看了许多blog,不想翻源码。说来说去,就是要继承torch.utils.data.Dataset,override三个函数,分别是__len__、__getitem__、__init__。如果你做分类问题,那么getitem函数不仅返回x,还要返回label。
我自己用了ICU的adult数据集,预处理和清洗数据都要自己做。
简单贴一下我的set,我在init里面做了对原数据的变动。
import torch
import torch.utils.data.dataset
import torch.nn.modules
import torch.nn
import torch.nn.functional as F
from torch.utils.tensorboard import SummaryWriter
NUM_OF_TEST_SET=2000
NUM_OF_PARTY=5
PARTY_DATA=6000
NUM_OF_ALL_DATA=32561
NUM_OF_FEATURE=14#NOT including label.
def get_num_correct(preds,labels):
return preds.argmax(dim=1).eq(labels).sum().item()
class Net(torch.nn.Module):
def __init__(self,NF,NH1,NH2,NO):
super(Net,self).__init__()
self.layer1=torch.nn.Linear(NF,NH1)
self.layer2=torch.nn.Linear(NH1,NH2)
self.out=torch.nn.Linear(NH2,NO)
def forward(self, x):
x=F.relu(self.layer1(x))
x=F.relu(self.layer2(x))
x=self.out(x)
return x
class MySet(torch.utils.data.Dataset):
def __init__(self,PATH):
self.RawData = []
self.Data = []
self.GetClass = {}
self.SecondFeatureMin = 12285
self.SecondFeatureMax = 1484705
self.Second = self.SecondFeatureMax - self.SecondFeatureMin
self.LoadData(PATH)
self.WashData()
def LoadData(self, PATH):
with open(PATH, 'r') as f:
for line in f:
self.RawData.append([thing.strip() for thing in line.split(',')])
self.RawData = self.RawData[:-1]
def WashData(self):
attribute = len(self.RawData[0])
index = 0
while index < attribute:
cnt = 0
temp = [line[index] for line in self.RawData]
for item in temp:
if item not in self.GetClass:
self.GetClass[item] = cnt
cnt += 1
index += 1
self.NUMOFFEATURE = index
for line in self.RawData:
t = []
for j, f in enumerate(line):
if j == 0:
t.append(float(f) / 10)
elif j == 2:
t.append(round(float(f) / self.Second, 4))
elif j == 10 or j == 11:
t.append(float(f) / 2000)
elif j == 12:
t.append(float(f) / 10)
elif j == 14:
t.append(self.GetClass[f])
else:
t.append(self.GetClass[f] / 10)
self.Data.append(t)
def __len__(self):
return len(self.RawData)
def __getitem__(self, index):
return torch.tensor(self.Data[index][:-1],dtype=torch.float), \
self.Data[index][-1]
#[1,0] if self.Data[index][-1] is 1 else [0,1]
if __name__=="__main__":
file_path= r'data-source\adult.csv'
train_set=MySet(file_path)
train_loader = torch.utils.data.DataLoader(train_set, batch_size=1000, shuffle=True)
network = Net(14, 10, 9, 2)
optimizer = torch.optim.SGD(network.parameters(), lr=0.01)
x,y=next(iter(train_loader))
print(x,y)
然后是训练一下,接着main函数写下来。
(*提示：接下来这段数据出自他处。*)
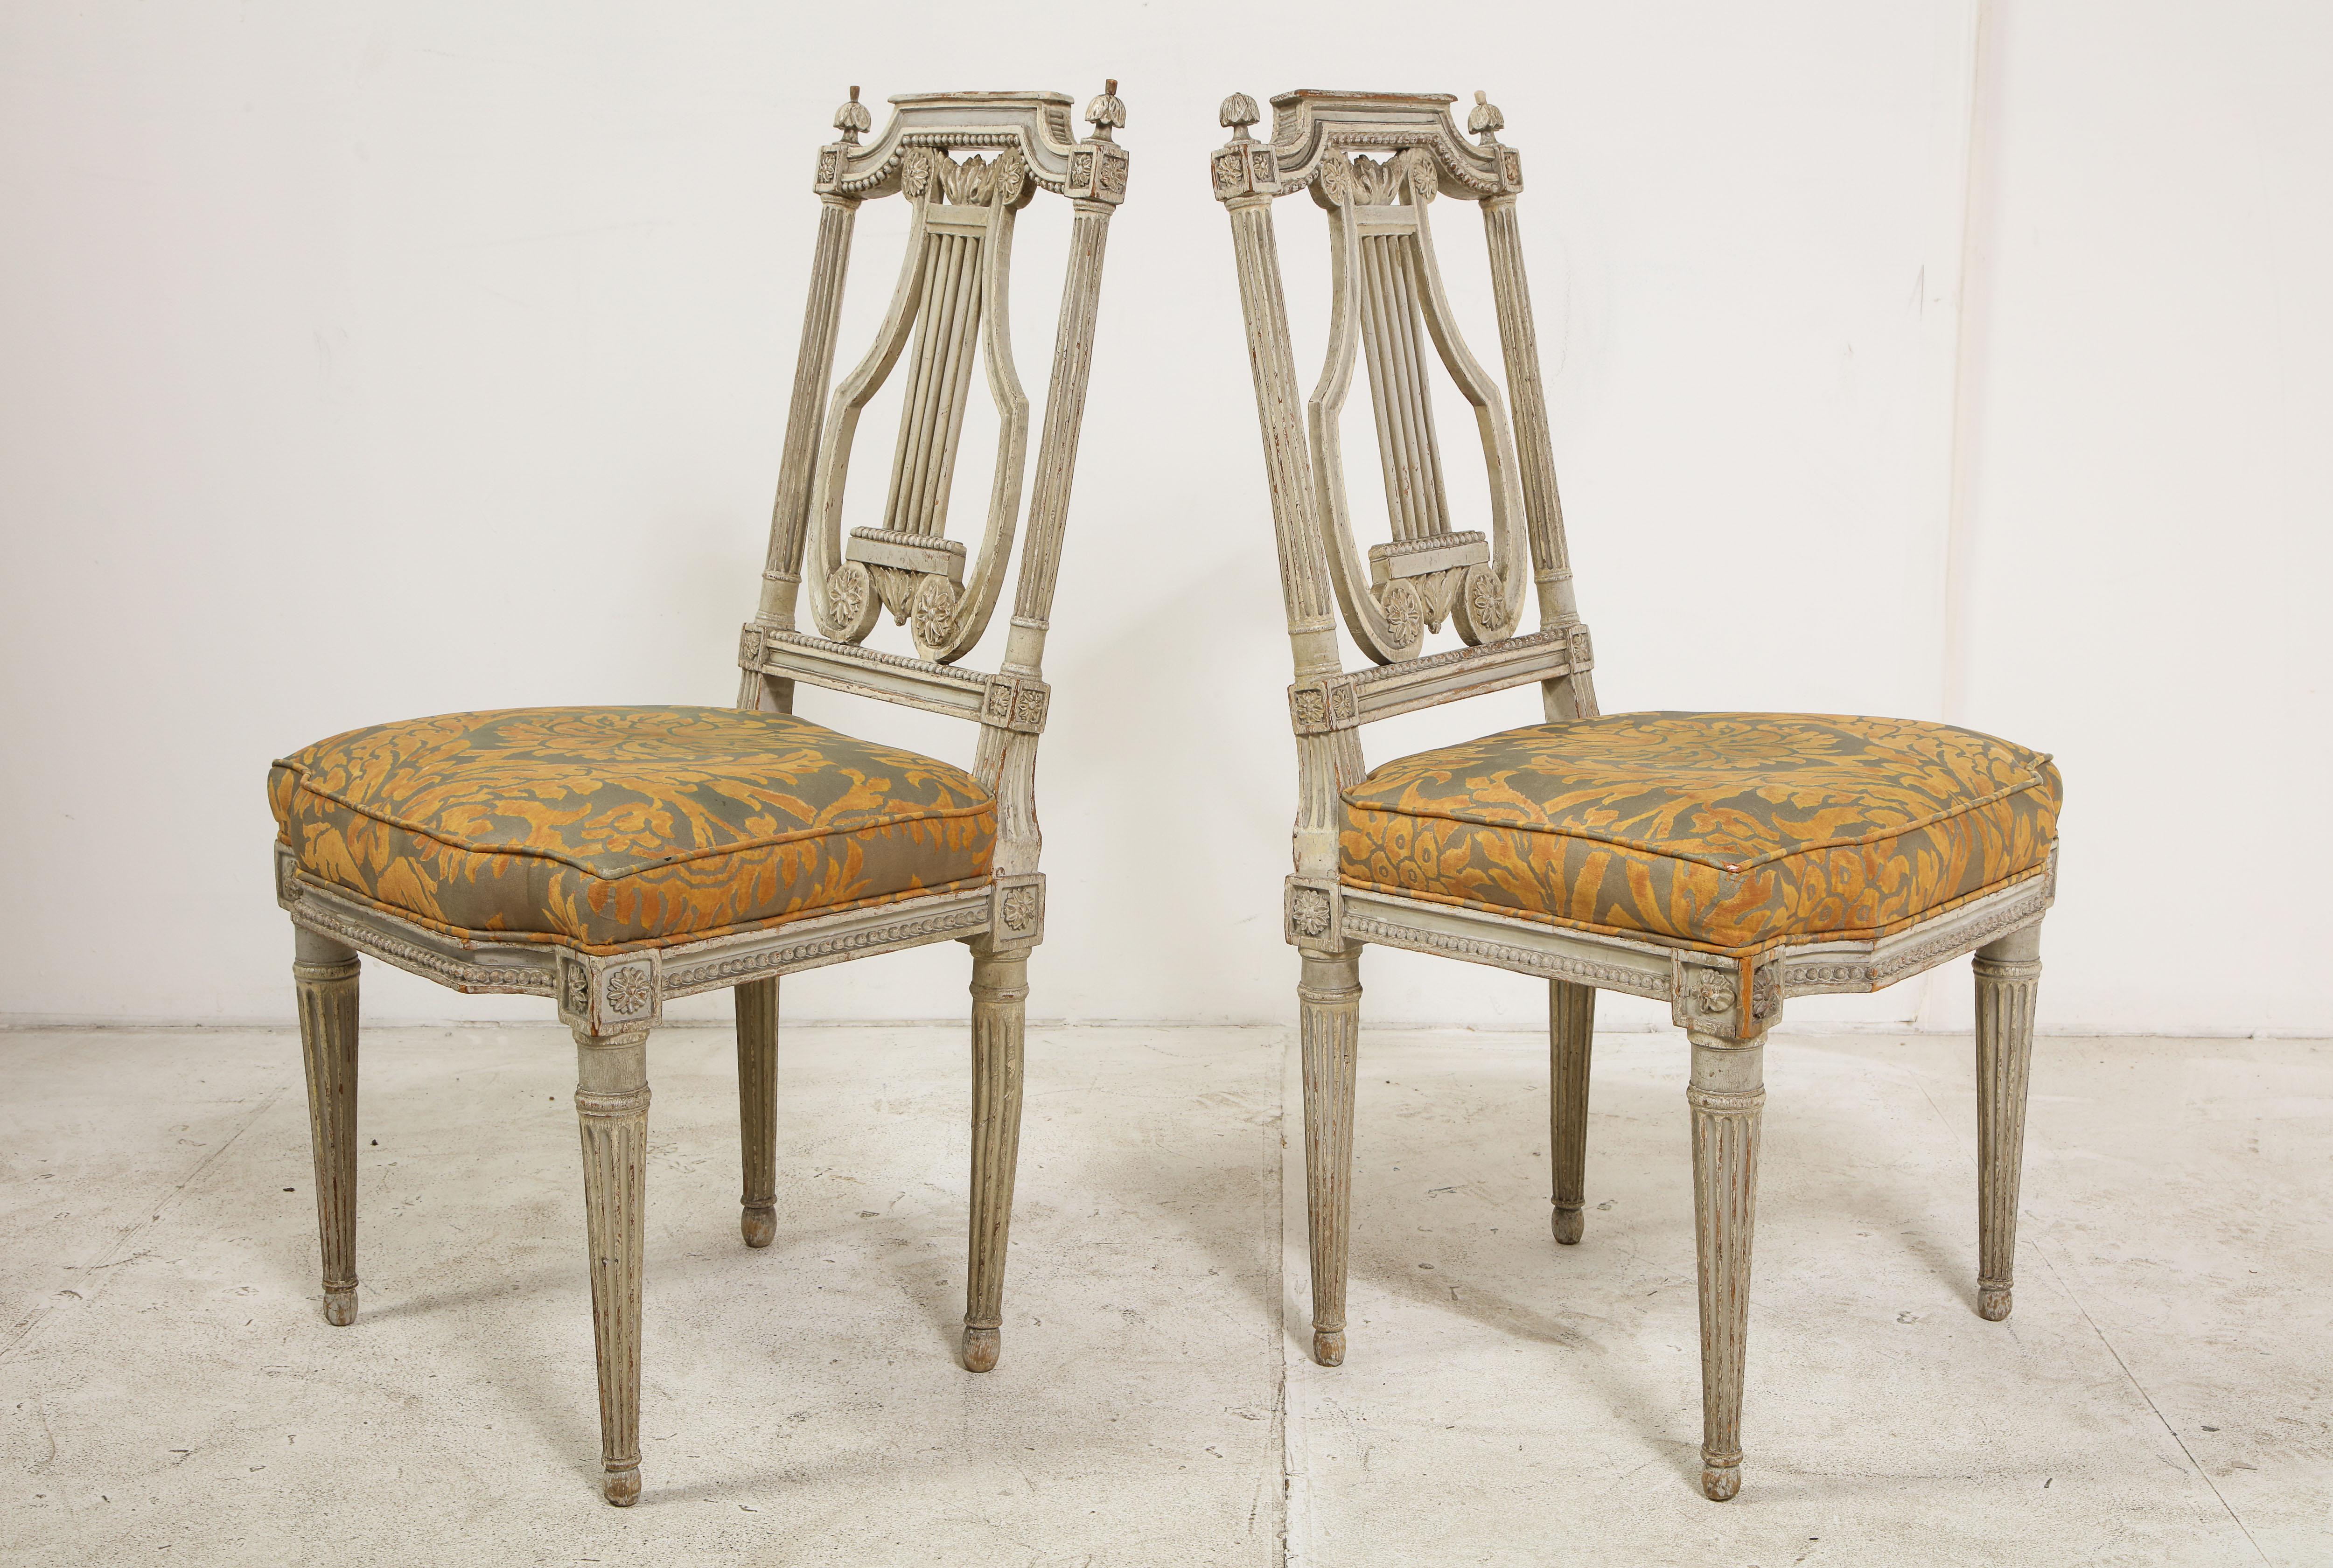 Pair of 19th Century Italian Painted Lyre-Back Chairs with Fortuny Seat Cushions 13

我直接用tensorboard可视化,看上去没什么问题。
if __name__=="__main__":
file_path= r'data-source\adult.csv'
train_set=MySet(file_path)
train_loader = torch.utils.data.DataLoader(train_set, batch_size=1000, shuffle=True)
network = Net(14, 10, 9, 2)
optimizer = torch.optim.SGD(network.parameters(), lr=0.01)
x,y=next(iter(train_loader))
print(x,y)
#tensor board
# comment=f'bath_size={batch_size} lr={lr} shuffle={shuffle}'
tb=SummaryWriter(log_dir='number_run')#,comment=comment)
tb.add_graph(model=network,input_to_model=x)
for epoch in range(10):
total_loss = 0
total_correct = 0
for batch in train_loader:
x,labels=batch
preds=network(x)
loss=F.cross_entropy(preds,labels)
optimizer.zero_grad()
loss.backward()
optimizer.step()
total_loss+=loss.item()
total_correct+=get_num_correct(preds,labels)
tb.add_scalar('Loss',total_loss,epoch)
tb.add_scalar('correct number', total_correct, epoch)
tb.add_scalar('Accuracy', total_correct/len(train_set), epoch)
# for name,weight in network.named_parameters():
# tb.add_histogram(name,weight,epoch)
# tb.add_histogram(f'{name}.grad',weight.grad,epoch)
# print("epoch",epoch,"total_correct:",total_correct,"loss:",total_loss)
tb.close()
exit(0)